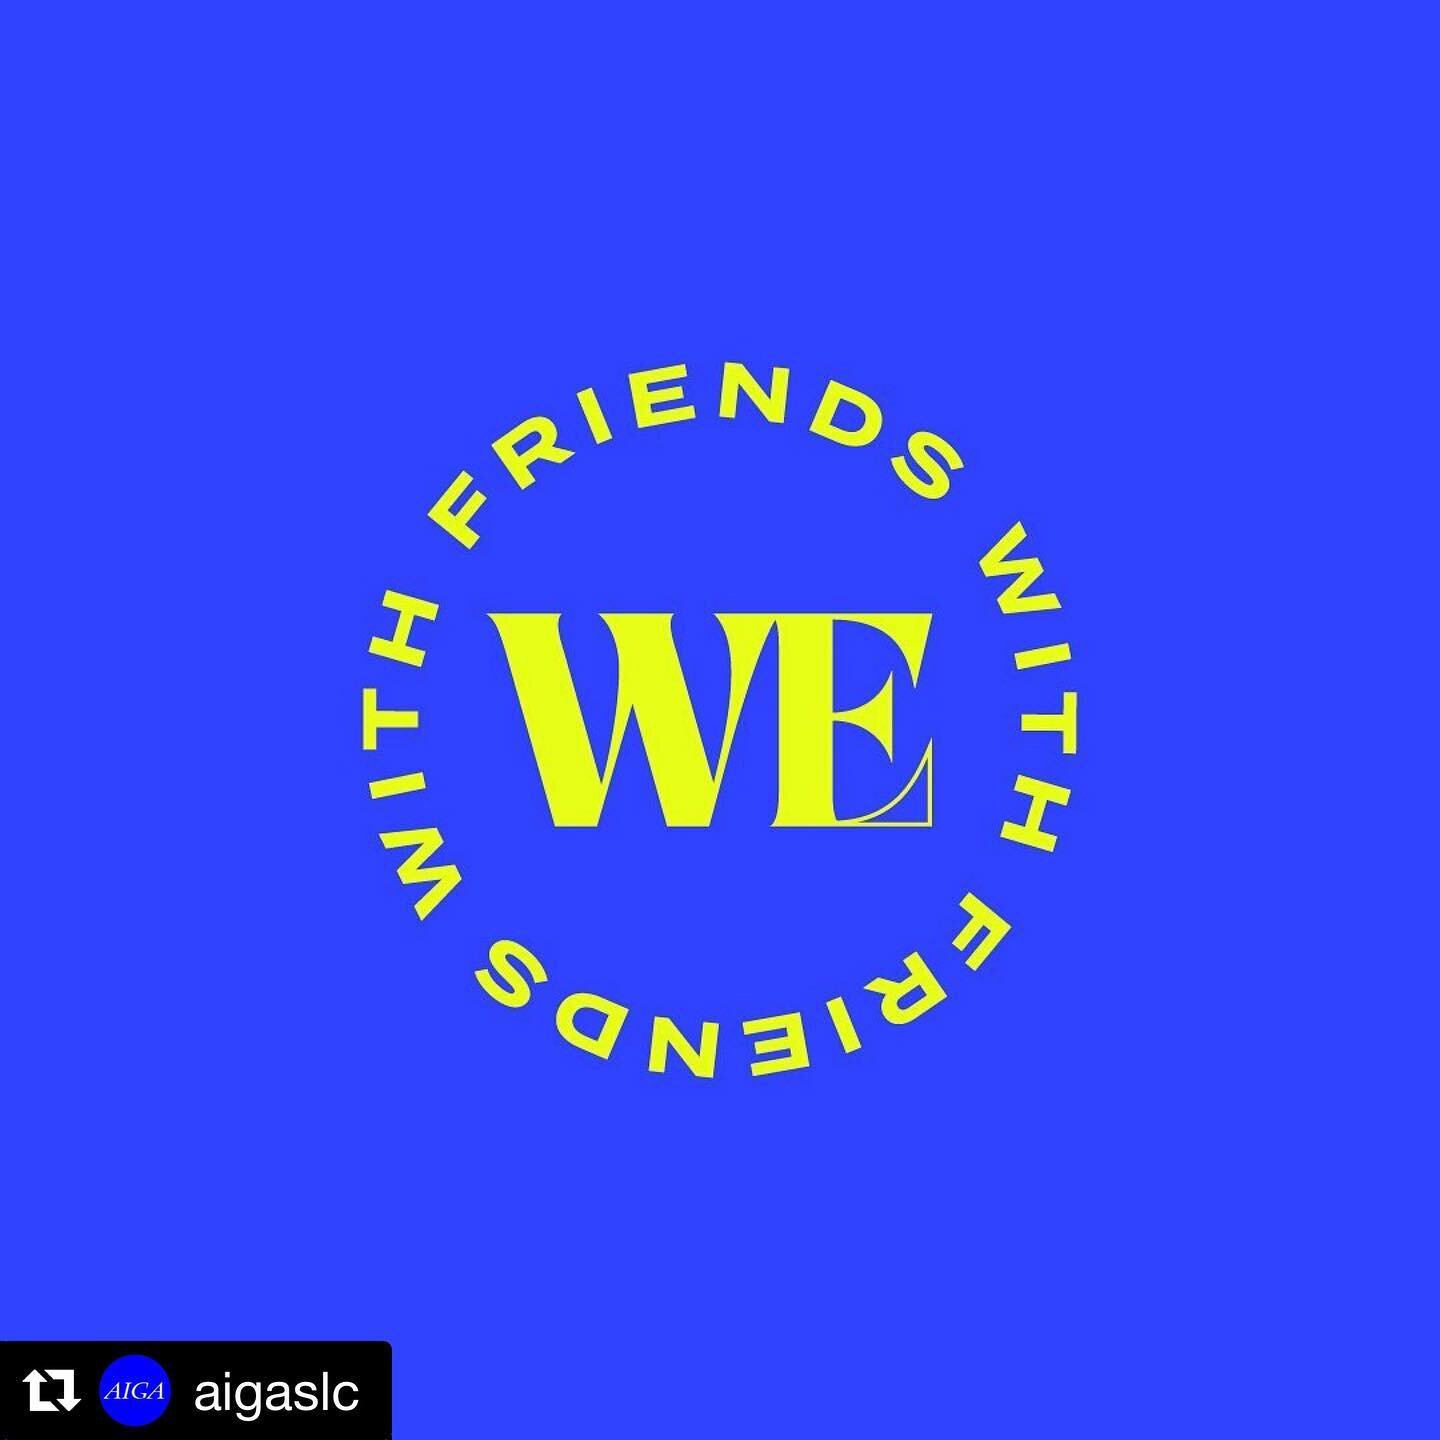 Next week! 5/6, 1pm (MST), I&rsquo;ll be chatting live (IG live!) with @aigaslc about With Friends. Hope to see you there!
&mdash;&mdash;&mdash;
#Repost @aigaslc with @get_repost
・・・
Hello, Friends! We hope you&rsquo;re doing well.  Join us this upco
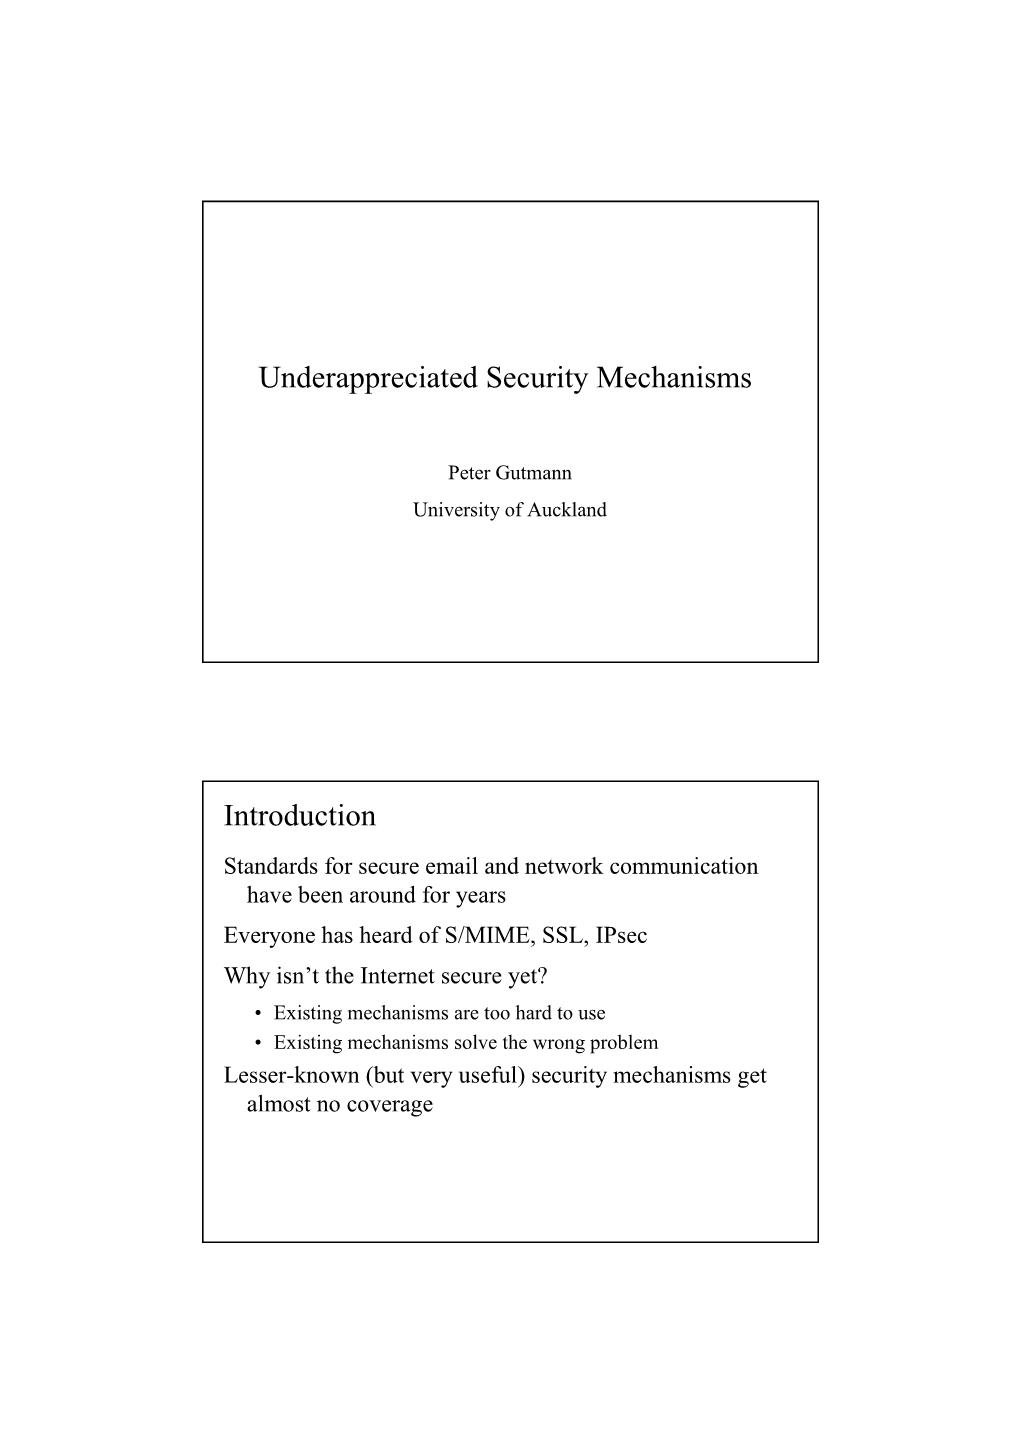 Underappreciated Security Mechanisms Introduction

####################

Exercise details:
The lines to restate word for word run from the line that contains "Hello, Friends! We" through the end of the entries above, both ends included. Leave out all pictures and write nothing else.

Result:
Hello, Friends! We hope you&rsquo;re doing well.  Join us this upco
 Underappreciated Security Mechanisms Introduction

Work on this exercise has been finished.